One of the central themes in F. Tyutchev's lyrics was the theme of love. Love for him is “both bliss and hopelessness,” a tense, tragic feeling that brings suffering and happiness to a person, a “fatal duel” of two hearts. “A blissfully fatal feeling that requires the highest tension of mental strength, love became for the poet a prototype, a symbol of human existence in general. F. Tyutchev is not a singer of ideal love - he, like Nekrasov, writes about its “prose” and about the amazing metamorphosis of feelings: addiction to the most precious unexpectedly turns into torment. But with his lyrics he affirms high standards of relationships: it is important to understand your loved one, to look at yourself through his eyes, to live up to your entire life of hopes awakened by love, to be afraid of not only low, but even mediocre actions in relations with your loved one:

Oh, don’t bother me with a fair reproach!

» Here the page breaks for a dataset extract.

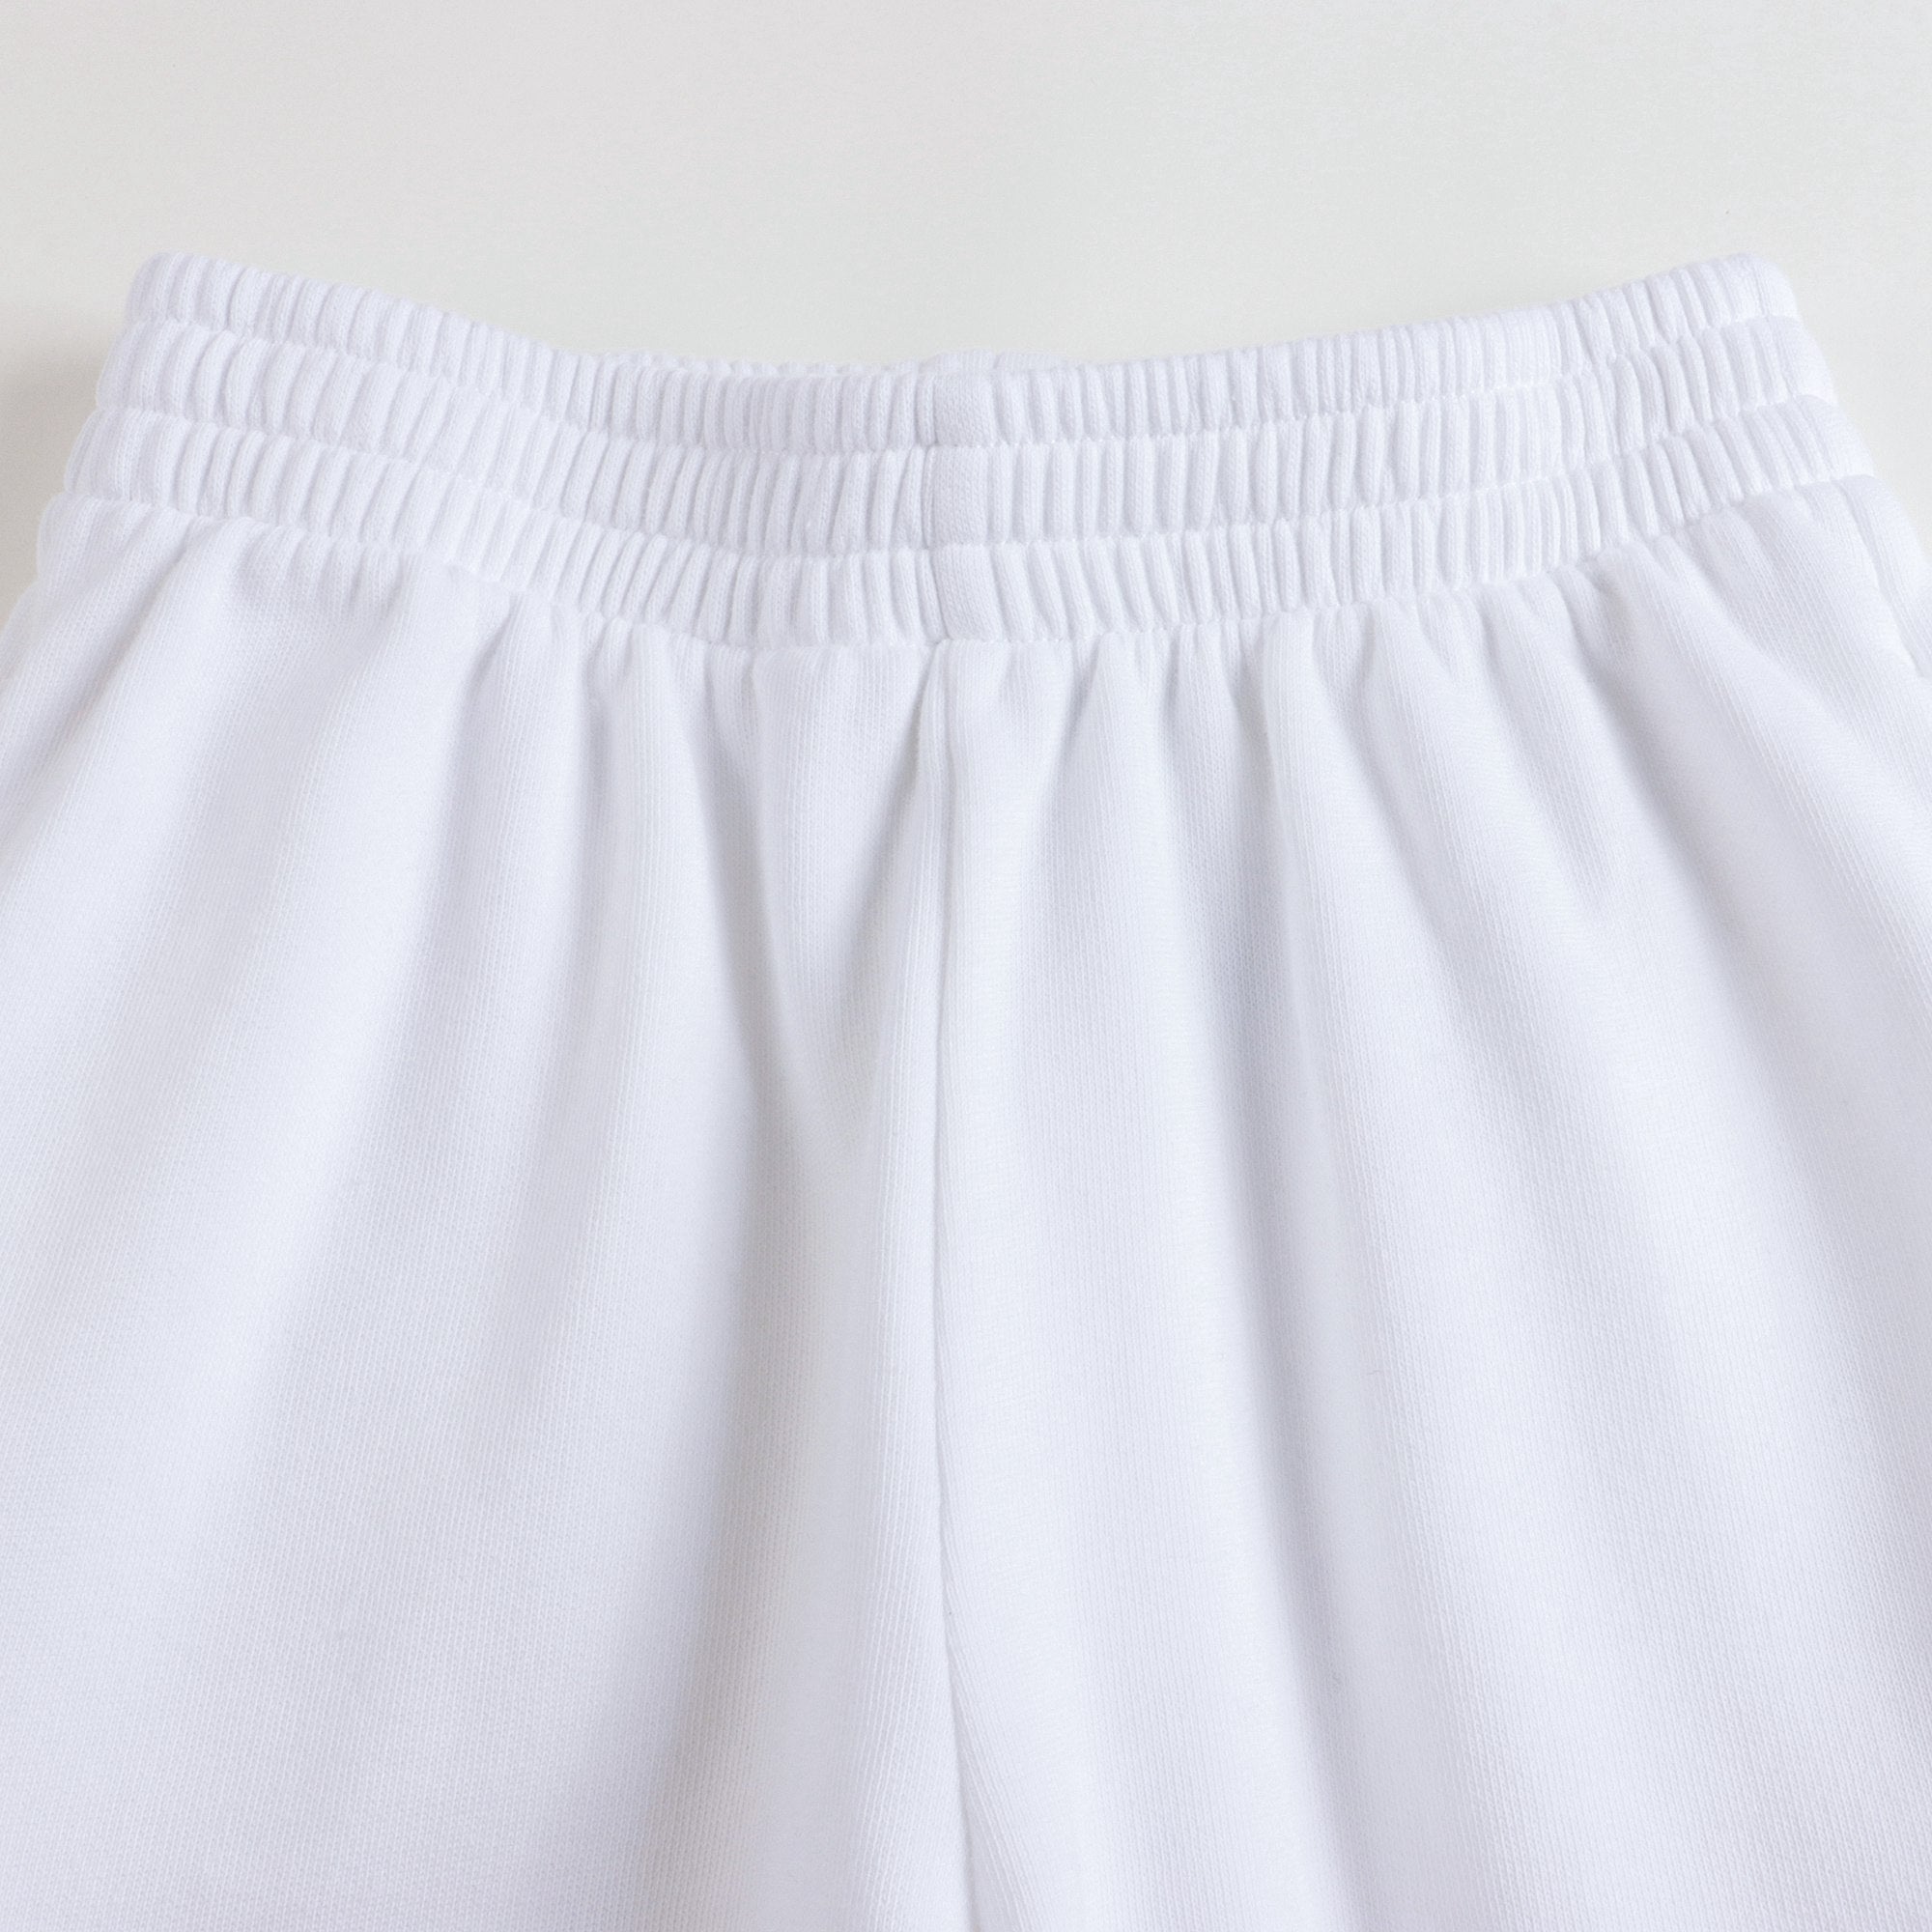 Boys & Girls White Logo Cotton Trousers

Believe me, of the two of us, yours is the most enviable:

You love sincerely and passionately, and I -

I look at you with jealous annoyance.

This poem belongs to the “Denisyevsky” cycle - a cycle of poems written by F. Tyutchev as a response to his romance with E. A. Denisyeva. In this poem you can see the poet’s torment because of this “illegal” love. In “Denisyev’s” poems, readers were presented with a suffering woman and a hero “without faith,” who, due to the prevailing life circumstances, felt ashamed of himself. The poet shudders before the emptiness of his own soul. First of all, F. Tyutchev was afraid of manifestations of selfishness, which he considered the disease of the century. In the poem “Oh, don’t bother me with a just reproach!..” the woman loves “sincerely and ardently,” and the man recognizes himself only as a “lifeless idol” of her soul. Thus, in the intimate lyrics of the late F. Tyutchev, the ethical pain sounded, so inherent in the advanced art of the 19th century. “Shame before oneself” turned out to be generated by pain for the fate of another person, pain for a woman who is paying with suffering for her reckless love. In the intimate lyrics of F. Tyutchev, a painful recognition of the incompatibility of beauty with the evil of existence is born. As V.I. Korovin said, “... in it [in Tyutchev’s love lyrics] the feeling of compassion for the woman he loves exceeds selfish desires and rises high above them.”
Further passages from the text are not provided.